Why won’t the compiler do this? Blocking changes the order of addition. Since floating-point addition is not associative, the result would change bit-wise. The compiler is conservative and won’t touch it.

Practice: Identifying Optimization Blockers

Correcting “anti-patterns” in C can lead to massive performance gains without changing your logic.

Exercise: Identify and Fix

Identify the optimization blocker in the following code and provide a fix.
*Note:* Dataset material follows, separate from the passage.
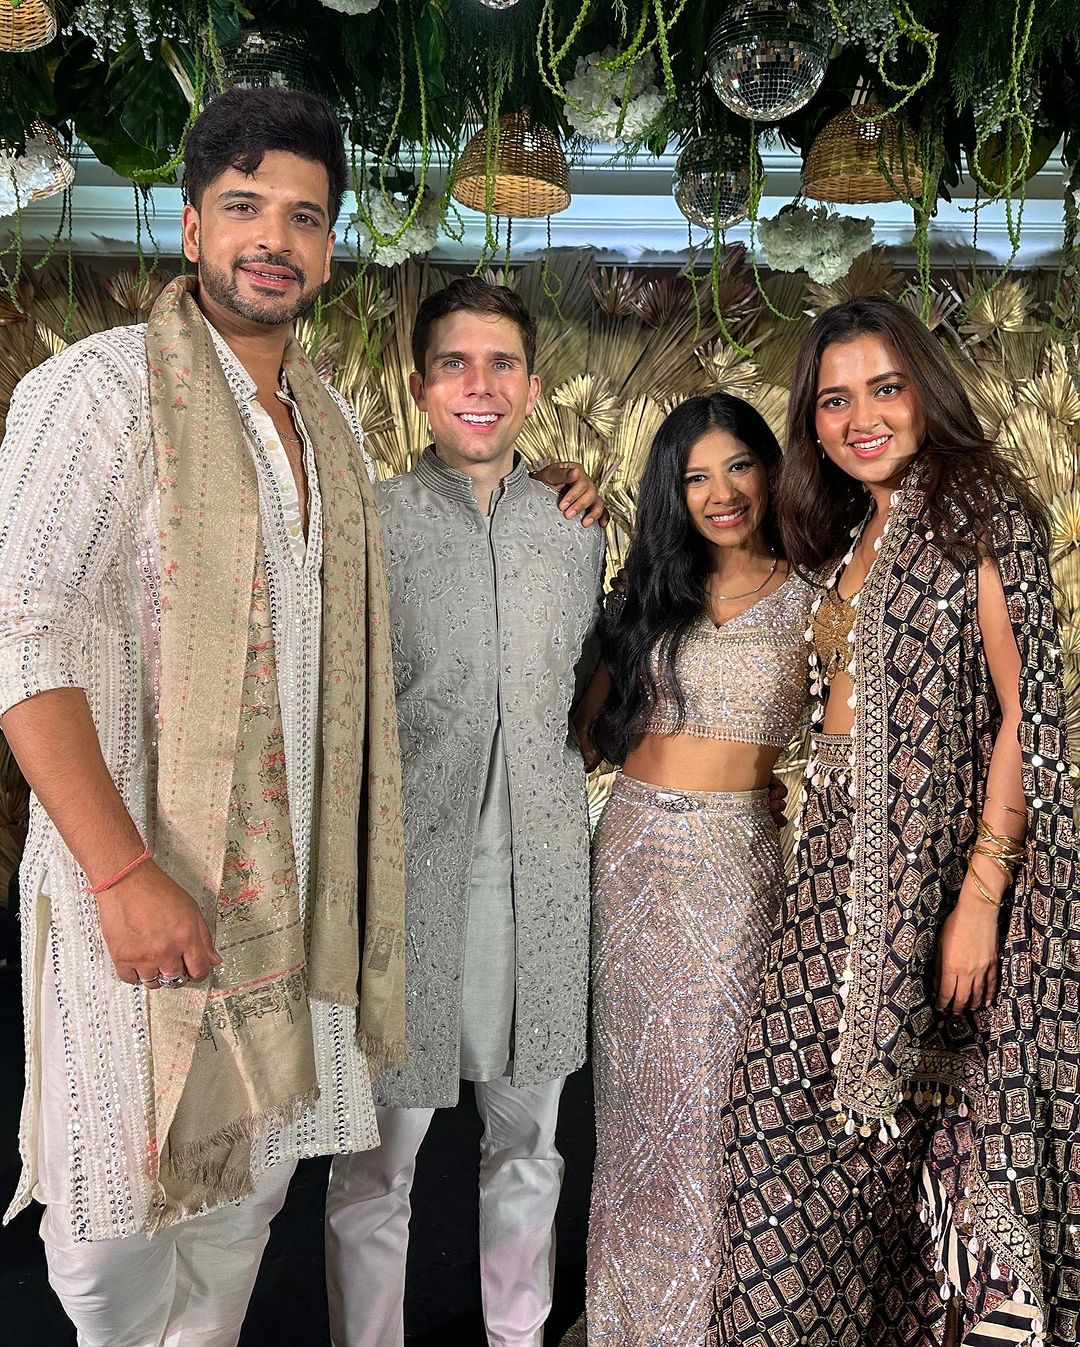 Adorable Couple Tejasswi And Karan Kundrra Stun With Their Outfits On Their Friend’s Wedding. The Duo Treated Fans With Their Recent Glimpse

void aggregate(int *src, int *dest, int n) {
    for (int i = 0; i < n; i++) {
        *dest += src[i] * factor();
    }
}

Answer:

1. Blocker 1 (Procedure Call): factor() is called every iteration. The compiler doesn’t know if factor() returns a constant or has side effects (like logging or modifying globals).
2. Blocker 2 (Memory Aliasing): The compiler must write to *dest every iteration because dest might point to the same memory as src[i]. Updating *dest might change the input src[i]!

Optimized Version:

void aggregate_fixed(int *src, int *dest, int n) {
    int f = factor(); // Move call out
    int acc = *dest;  // Accumulate in local variable (register)
    for (int i = 0; i < n; i++) {
        acc += src[i] * f;
    }
    *dest = acc;      // Write to memory once
}

Exercise: Restricted Pointers

How does adding restrict help the following function? void add(int *restrict a, int *restrict b, int n); Answer: It tells the compiler that the memory regions pointed to by a and b do not overlap. This allows the compiler to load multiple values into vector registers (SIMD) or reorder accesses without worrying about one write overwriting an input value.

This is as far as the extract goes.